If there’s no condensation on the window and no mold in the corner, you’ve got your marching orders. You need to lower indoor humidity levels in cold weather — or increase insulation levels at the building corner, a much more complicated and expensive fix.
Controlling Indoor Humidity
The first step for lowering indoor humidity is to improve “spot ventilation,” that is, remove the moisture at the source. That means effective ventilation in kitchens and baths, with short duct runs that are not broken, blocked, or otherwise not working. (Ventless kitchen hoods that blow the vented air back in your face don’t count.)
You may have other sources of moisture such as a wet basement, uncovered crawl space, drying firewood in the house, etc. Cover the crawlspace with a heavy plastic ground cover, improve basement drainage, and store firewood outside. If necessary, you can run dehumidifier on occasion.
Try to keep indoor humanity levels between 30% and 50%. Too high and you’ll have condensation problems, too low and you may experience some minor health problems and discomfort like dry skin. The right level for you will depend upon the climate, house tightness, and your personal preferences. In a cold climate, you will probably be fine near the lower end and of the range and in a warmer climate, the higher end.
Warm Up the Corner
You can also add insulation to the wall corner if you are remodeling, but otherwise this is usually not practical. Other cold spots on walls and ceilings can be more easily addressed by strategically retrofitting fibrous or foam insulation. Some examples include cantilevered floors, attic kneewalls and floors, kitchen soffits, and band joists.
An experienced energy auditor or weatherization contractor can help you identify cold spots prone to condensation and recommend practical ways to beef up the insulation.

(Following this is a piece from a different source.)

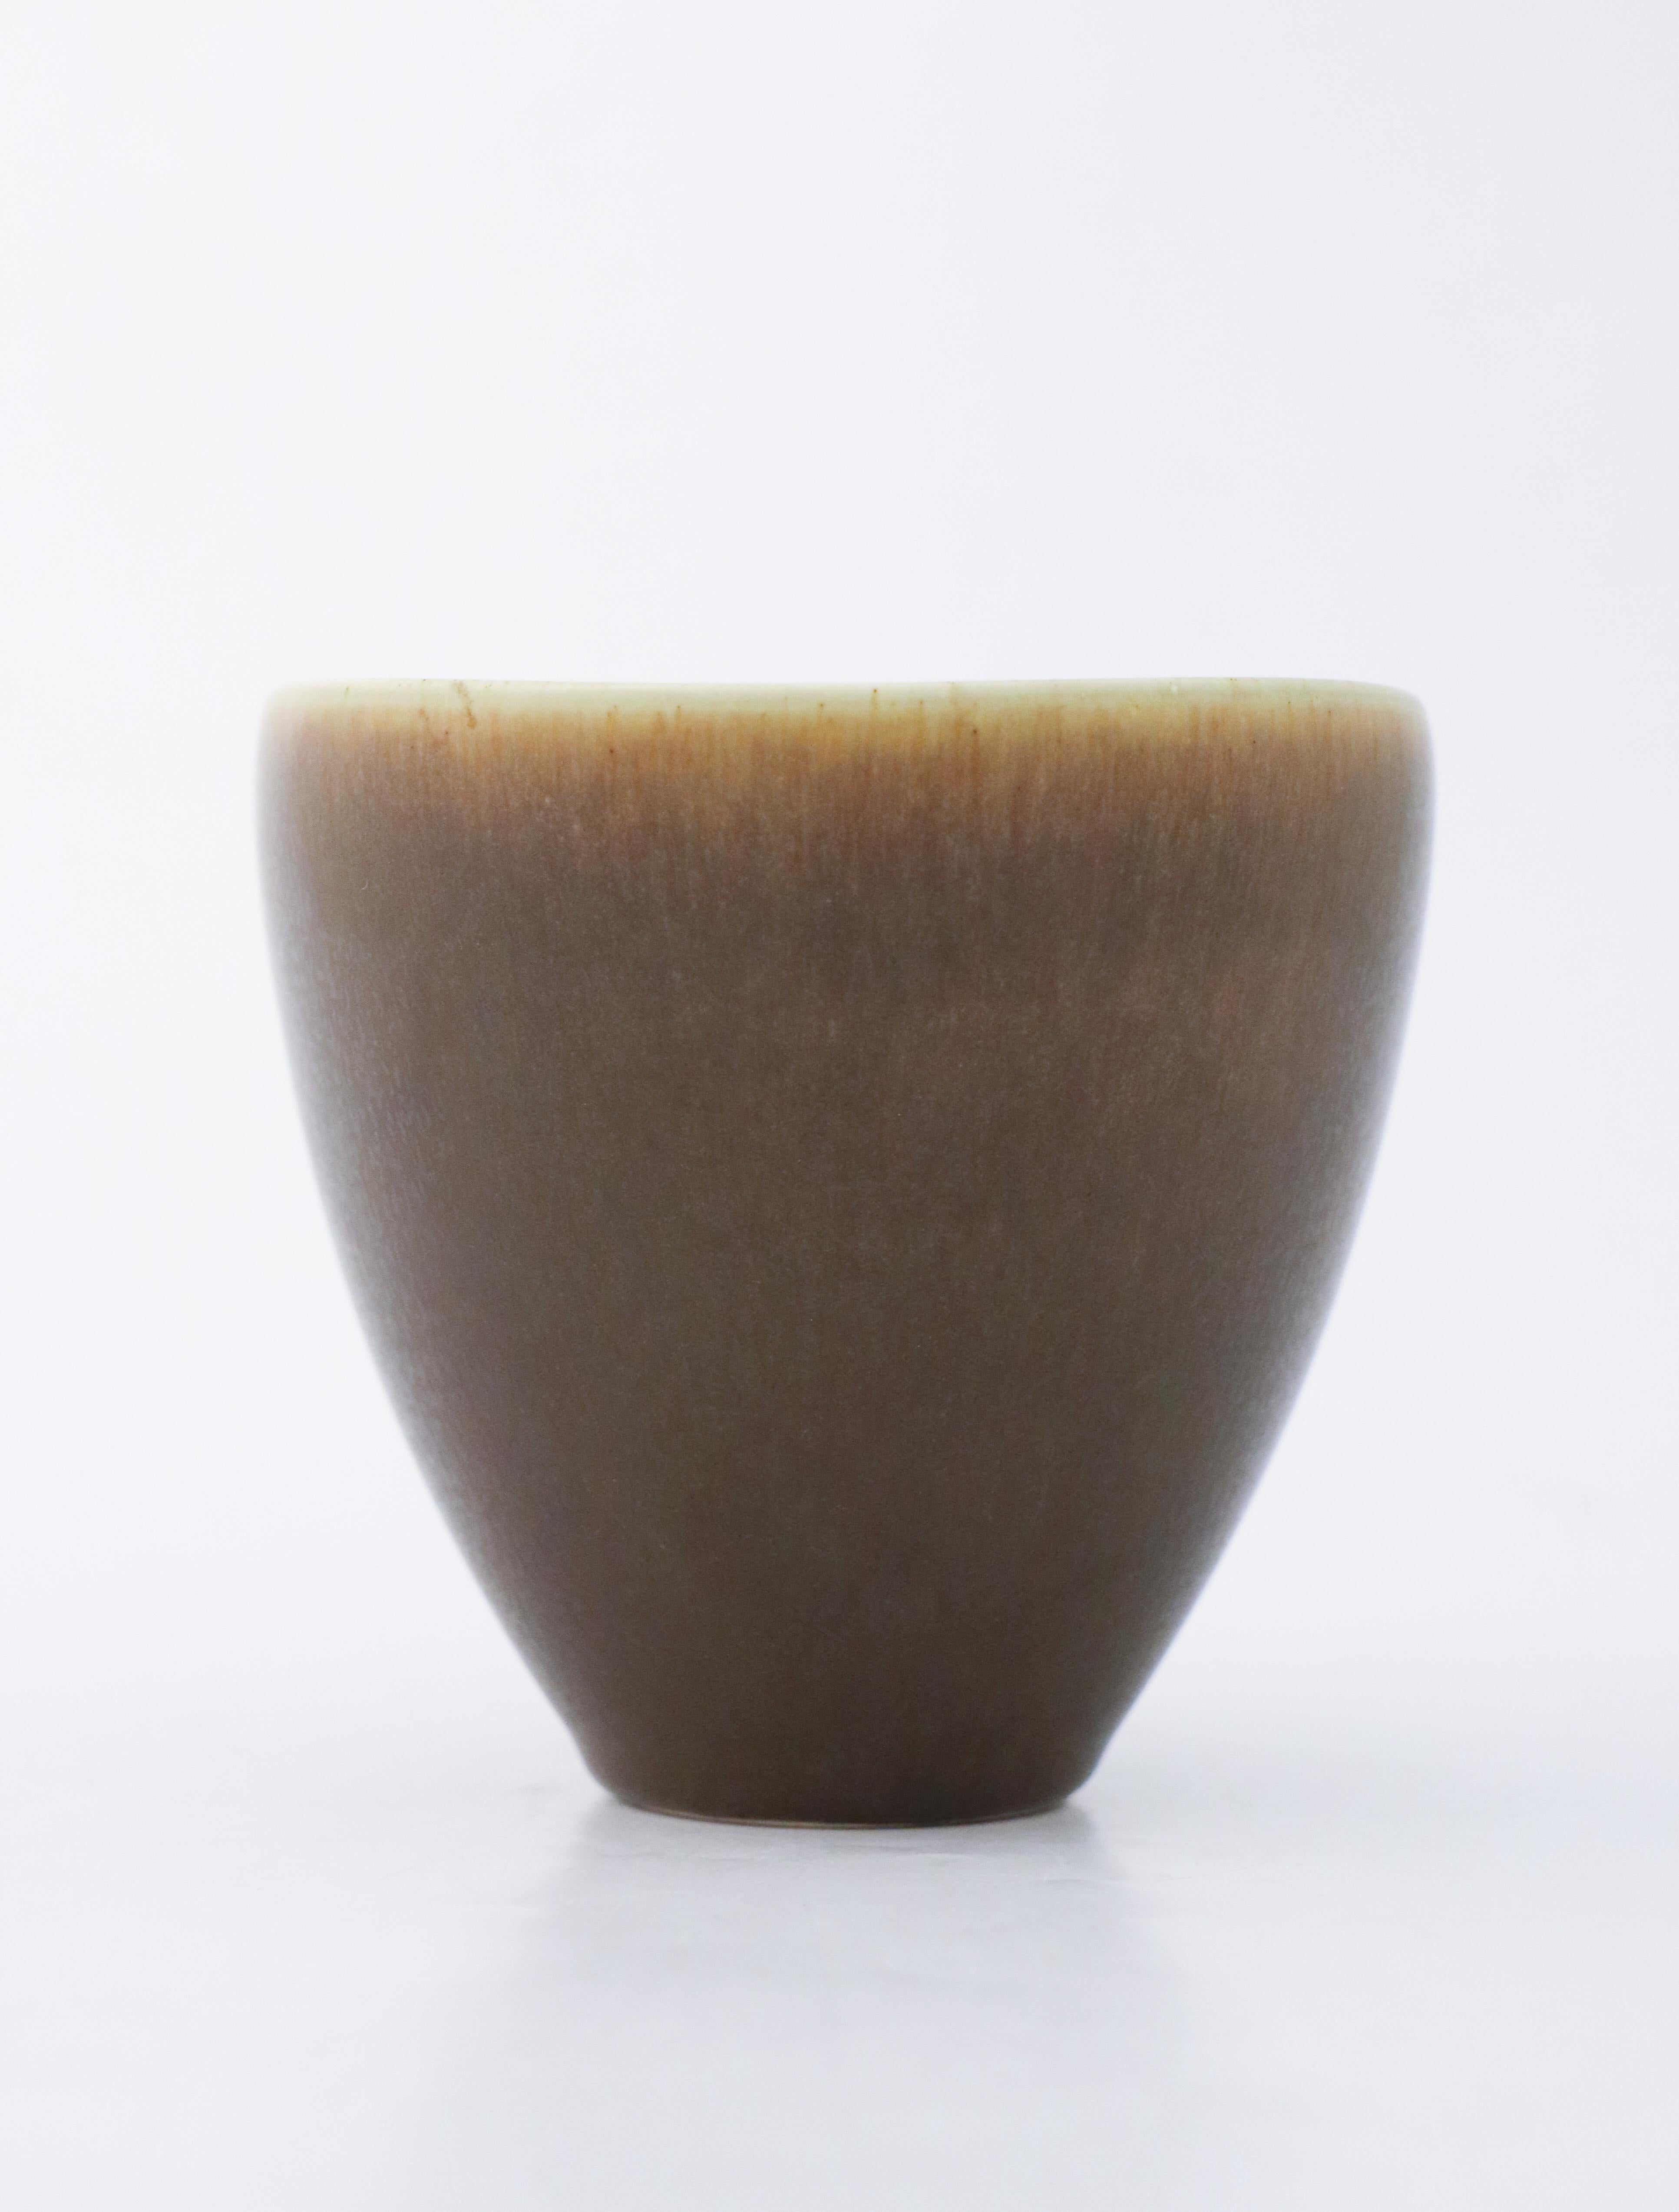 Porcelain Large Brown Bowl, Palshus, Denmark Per Linnemann-Schmidt, Scandinavian Modern

Also remove any furniture from the corner and other obstructions that restrict airflow at the corner, at least until the problem is solved. The added airflow will keep the corner warmer and drier.
If the Source Is A Water Leak
If condensation is NOT causing the problem, then you probably have an exterior leak, either in the roof, corner boards, or flashing at the junctures of these components. Most roof leaks are around valleys, penetrations for skylights, chimneys and pipes, and intersections with walls and other building components.
If there is a bathroom or kitchen above or below, you may also want to have a plumber take a look. A slow leak in a toilet tank, drain line, or other plumbing fixture could be at fault. Pin holes can also form in older copper supply lines in areas with acidic water.
If you suspect a leak, have a general contractor or roofing and siding contractor take a look. They may be able to identify the likely source of the leak and repair it with caulk or sealant. A repair with caulk could be short-lived or last for years if a high-quality sealant is used.
A more permanent repair may involve pulling apart the components that are leaking and rebuilding them with the proper metal flashings in place.